Whilst this has been unchanged for a long time, I'm not 100% sure
we've specifically drawn your attention to it before now.

Jonathan

> 
> ---
> v7: No Change.
> ---
>  drivers/irqchip/irq-gic-v3.c | 21 +++++++++++++++++++--
>  include/linux/acpi.h         |  3 ++-
>  2 files changed, 21 insertions(+), 3 deletions(-)
> 
> diff --git a/drivers/irqchip/irq-gic-v3.c b/drivers/irqchip/irq-gic-v3.c
> index 10af15f93d4d..66132251c1bb 100644
> --- a/drivers/irqchip/irq-gic-v3.c
> +++ b/drivers/irqchip/irq-gic-v3.c
> @@ -2363,11 +2363,25 @@ gic_acpi_parse_madt_gicc(union acpi_subtable_headers *header,
>  				(struct acpi_madt_generic_interrupt *)header;
>  	u32 reg = readl_relaxed(acpi_data.dist_base + GICD_PIDR2) & GIC_PIDR2_ARCH_MASK;
>  	u32 size = reg == GIC_PIDR2_ARCH_GICv4 ? SZ_64K * 4 : SZ_64K * 2;
> +	int cpu = get_cpu_for_acpi_id(gicc->uid);
>  	void __iomem *redist_base;
>  
>  	if (!acpi_gicc_is_usable(gicc))
>  		return 0;
>  
> +	/*
> +	 * Capable but disabled CPUs can be brought online later. What about
> +	 * the redistributor?
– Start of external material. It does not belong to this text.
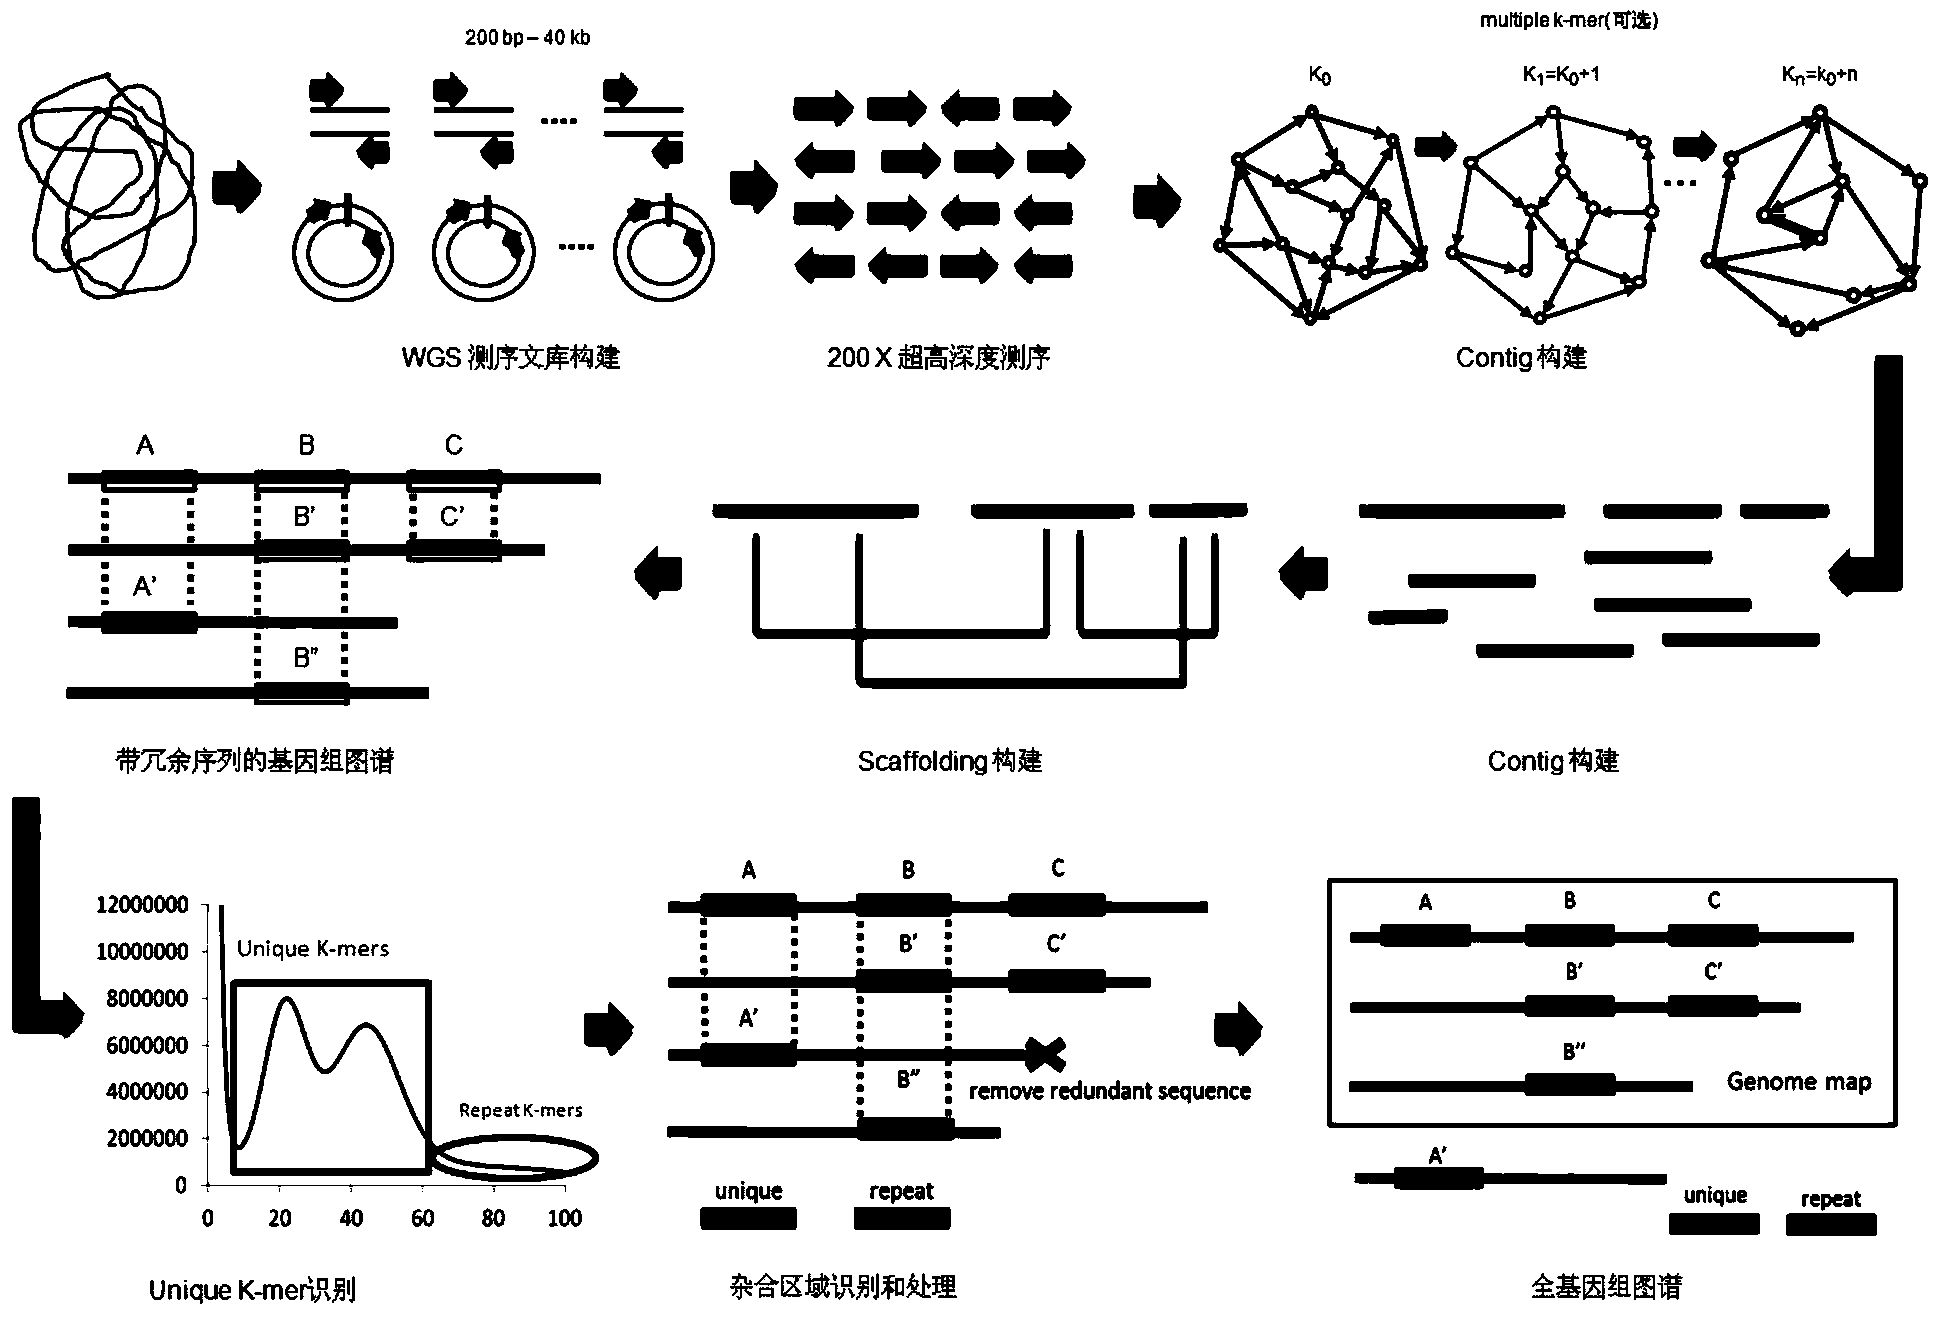 Heterozygous genome processing method

ACPI doesn't want to say!
> +	 * Virtual hotplug systems can use the MADT's "always-on" GICR entries.
> +	 * Otherwise, prevent such CPUs from being brought online.
> +	 */
> +	if (!(gicc->flags & ACPI_MADT_ENABLED)) {
> +		pr_warn_once("CPU %u's redistributor is inaccessible: this CPU can't be brought online\n", cpu);
> +		set_cpu_present(cpu, false);
> +		set_cpu_possible(cpu, false);
> +		return 0;
> +	}
> +
>  	redist_base = ioremap(gicc->gicr_base_address, size);
>  	if (!redist_base)
>  		return -ENOMEM;
> @@ -2413,9 +2427,12 @@ static int __init gic_acpi_match_gicc(union acpi_subtable_headers *header,
>  
>  	/*
>  	 * If GICC is enabled and has valid gicr base address, then it means
> -	 * GICR base is presented via GICC
> +	 * GICR base is presented via GICC. The redistributor is only known to
> +	 * be accessible if the GICC is marked as enabled. If this bit is not
> +	 * set, we'd need to add the redistributor at runtime, which isn't
> +	 * supported.
>  	 */
> -	if (acpi_gicc_is_usable(gicc) && gicc->gicr_base_address)
> +	if (gicc->flags & ACPI_MADT_ENABLED && gicc->gicr_base_address)
>  		acpi_data.enabled_rdists++;
>  
>  	return 0;
> diff --git a/include/linux/acpi.h b/include/linux/acpi.h
> index 9844a3f9c4e5..fcfb7bb6789e 100644
> --- a/include/linux/acpi.h
> +++ b/include/linux/acpi.h
> @@ -239,7 +239,8 @@ void acpi_table_print_madt_entry (struct acpi_subtable_header *madt);
>  
>  static inline bool acpi_gicc_is_usable(struct acpi_madt_generic_interrupt *gicc)
>  {
> -	return gicc->flags & ACPI_MADT_ENABLED;
> +	return gicc->flags & (ACPI_MADT_ENABLED |
> +			      ACPI_MADT_GICC_ONLINE_CAPABLE);
>  }
>  
>  /* the following numa functions are architecture-dependent */
Jonathan Cameron April 22, 2024, 10:46 a.m. UTC | #3
On Thu, 18 Apr 2024 14:54:05 +0100
Jonathan Cameron <Jonathan.Cameron@huawei.com> wrote:

> From: James Morse <james.morse@arm.com>
> 
> ACPI identifies CPUs by UID. get_cpu_for_acpi_id() maps the ACPI UID
> to the Linux CPU number.
> 
> The helper to retrieve this mapping is only available in arm64's NUMA
> code.
> 
> Move it to live next to get_acpi_id_for_cpu().
> 
> Signed-off-by: James Morse <james.morse@arm.com>
> Reviewed-by: Jonathan Cameron <Jonathan.Cameron@huawei.com>
> Reviewed-by: Gavin Shan <gshan@redhat.com>
> Tested-by: Miguel Luis <miguel.luis@oracle.com>
> Tested-by: Vishnu Pajjuri <vishnu@os.amperecomputing.com>
> Tested-by: Jianyong Wu <jianyong.wu@arm.com>
> Signed-off-by: Russell King (Oracle) <rmk+kernel@armlinux.org.uk>
> Signed-off-by: Jonathan Cameron <Jonathan.Cameron@huawei.com>
Another one where we'd been focused on the general ACPI aspects so long
the CC list didn't include relevant maintainers.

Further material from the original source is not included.